A related concern is whether U.S. investments in HSS are as efficient and sustainable as they could be. A large proportion of U.S. investments in HSS still fund international intermediaries rather than local organizations and governments. In response to this, at a recent hearing of the Senate Foreign Relations Committee’s Subcommittee on State Department and USAID Management, International Operations, and Bilateral International Development, Members of Congress and witnesses highlighted the inefficiencies and sustainability challenges created by relying on intermediaries to advance local health objectives. The hearing illustrated the relative success of PEPFAR (which is a program administered by the State Department in partnership with multiple agencies, including USAID) in investing in local health-systems capacity compared to USAID as an agency. Witnesses cited the bureaucratic, cultural, and philosophical norms standing in the way of USAID mission staff using their broad procurement authority to reach the Agency’s target of 25% funding going to local groups.
Since FY2021, the House Appropriations Committee has included report language specifying that at least 10% of all funds provided through the Global Health Programs account be used for health system strengthening activities. According to the USAID’s reports to Congress in 2020 and 2021, these activities have contributed to higher local budgets for health in selected countries, increased government ownership of health information systems, improved financial management skills among government officials, enhanced adaptability of health services during the COVID-19 pandemic, boosted utilization of health facilities, and encouraged greater uptake of health insurance.

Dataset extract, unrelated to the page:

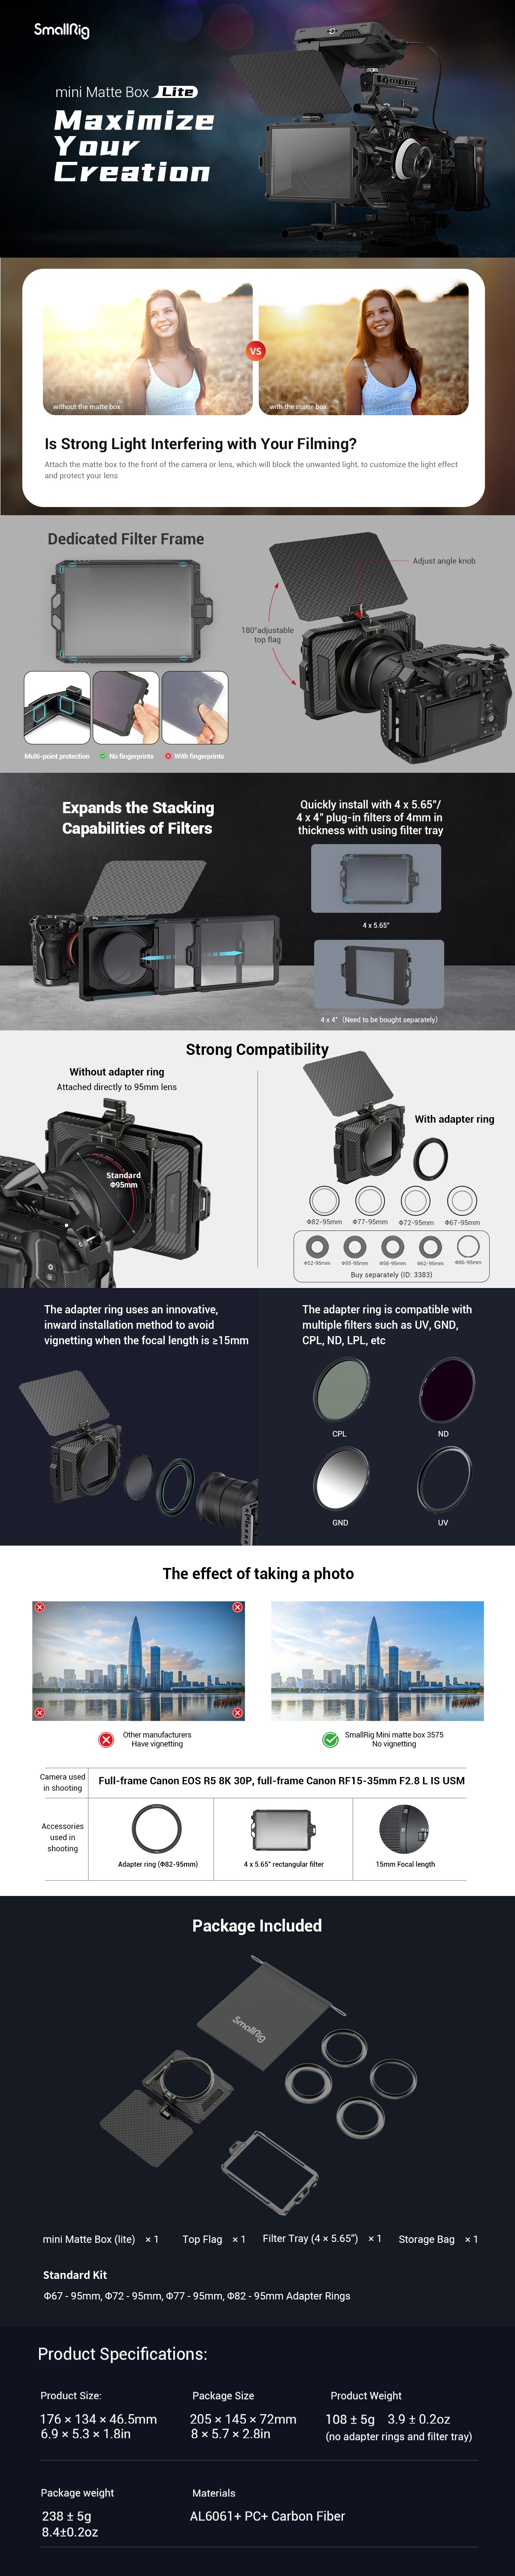 SmallRig Mini Matte Box Lite 3575 แมทบ็อกซ์บังแสงสำหรับชุดริกกล้อง DSLR, Mirrorless รองรับเลนส์ขนาด 95 มม. ราคา 2380 บาท

In 2022, the FY23 National Defense Authorization Act authorized an additional US$5 billion to be appropriated over the next 5 years for U.S. participation and investment in global health security and pandemic preparedness activities. The NDAA clarifies that strengthening health systems for the purpose of global health security is U.S. policy. It directs the USAID Administrator to work with all agencies implementing bilateral global health programs to ensure that such activities contribute to the goal of HSS for global health security. It also directs the President to issue a Global Health Security Strategy that ensures partner country ownership.
SEIZING THE OPPORTUNITY
The experience of a pandemic has highlighted a need and opportunity to make localized HSS a first-order priority in order to advance disease goals, promote local ownership and sustainability, and prepare for future pandemics. Consequently, I am requesting input from government agencies, implementers and beneficiaries of HSS programs, advocacy organizations, health systems researchers, and others on the current state of localized HSS and what more Congress can do.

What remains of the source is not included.